Am Montag hat das Rekord-Institut für Deutschland (RID) insgesamt 444 Weihnachtsbäume in einer Wohnung als neuen Weltrekord registriert. Die Errungenschaft gehört Thomas Jeromin aus Niedersachsen, der damit auch seinen eigenen Rekord aus dem Vorjahr überboten hat.
Eigenen Rekord überboten: Niedersachse stellt 444 Weihnachtsbäume in seiner Wohnung aufQuelle: www.globallookpress.com © Ole Spata

Jeden Dezember verwandelt sich die rund 100 Quadratmeter große Wohnung von Thomas Jeromin und seiner Frau Susanne aus Rinteln im niedersächsischen Landkreis Schaumburg in ein Weihnachtswunderland. Traditionell unternimmt das Paar damit zu dieser Jahreszeit immer wieder einen Rekordversuch, die möglichst vielen Weihnachtsbäume in ihrem Zuhause aufzustellen und zu schmücken. Auch dieses Jahr haben sich die beiden trotz der COVID-19-Pandemie von ihrem Rekordvorhaben nicht abbringen lassen. Mit insgesamt 444 vollständig geschmückten Plastik-Tannen schafften sie offiziell einen neuen Weltrekord. Im vergangenen Jahr waren es noch 420 Bäume.
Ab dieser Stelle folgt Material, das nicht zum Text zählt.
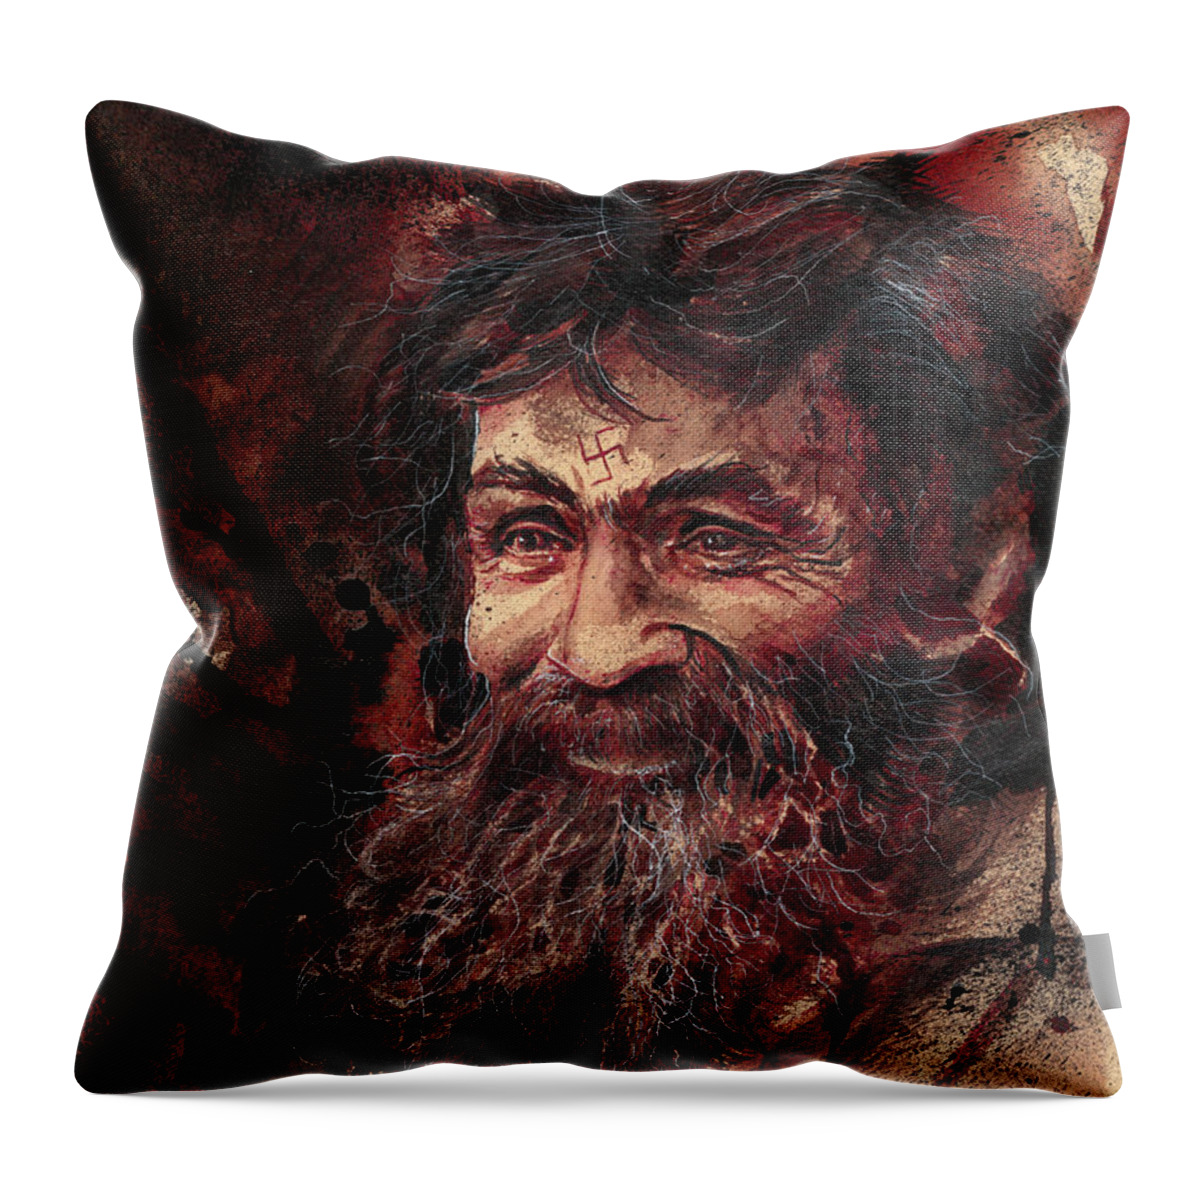 Ryan Almighty Throw Pillow featuring the painting CHARLES MANSON portrait dry blood by Ryan Almighty

Das Rekord-Institut für Deutschland (RID) war am Montag zu Gast bei der Familie Jeromin, um die leuchtende Sammlung als neuen Weltrekord anzuerkennen – für die "meisten geschmückten Weihnachtsbäume an einem Ort". Wie der 55-Jährige sagte, leuchten jetzt 47.000 Lichter in seinen Räumen. Der Weihnachtsfan gestaltet auch Themenbäume, etwa mit Star-Wars-Figuren oder Quietsche-Entchen.

Die Bäume holt er immer schon am 1. August vom Dachboden, schließlich müssen unter anderem 72.000 Kugeln aufgehängt werden. Mittlerweile wird ihm aus ganz Deutschland ausrangierte Dekoration – von Kugeln bis Lametta – zugeschickt. Der größte Baum, der 3,50 Meter misst, hängt an der Decke.

Vor der COVID-19-Pandemie bot Thomas Jeromin auch Führungen durch sein Weihnachtswunderland an. Dies funktioniere aufgrund der aktuellen Hygiene-Bestimmungen nicht, teilte das Rekord-Institut mit – im Haus der Jeromins sei ohnehin schon zu wenig Platz.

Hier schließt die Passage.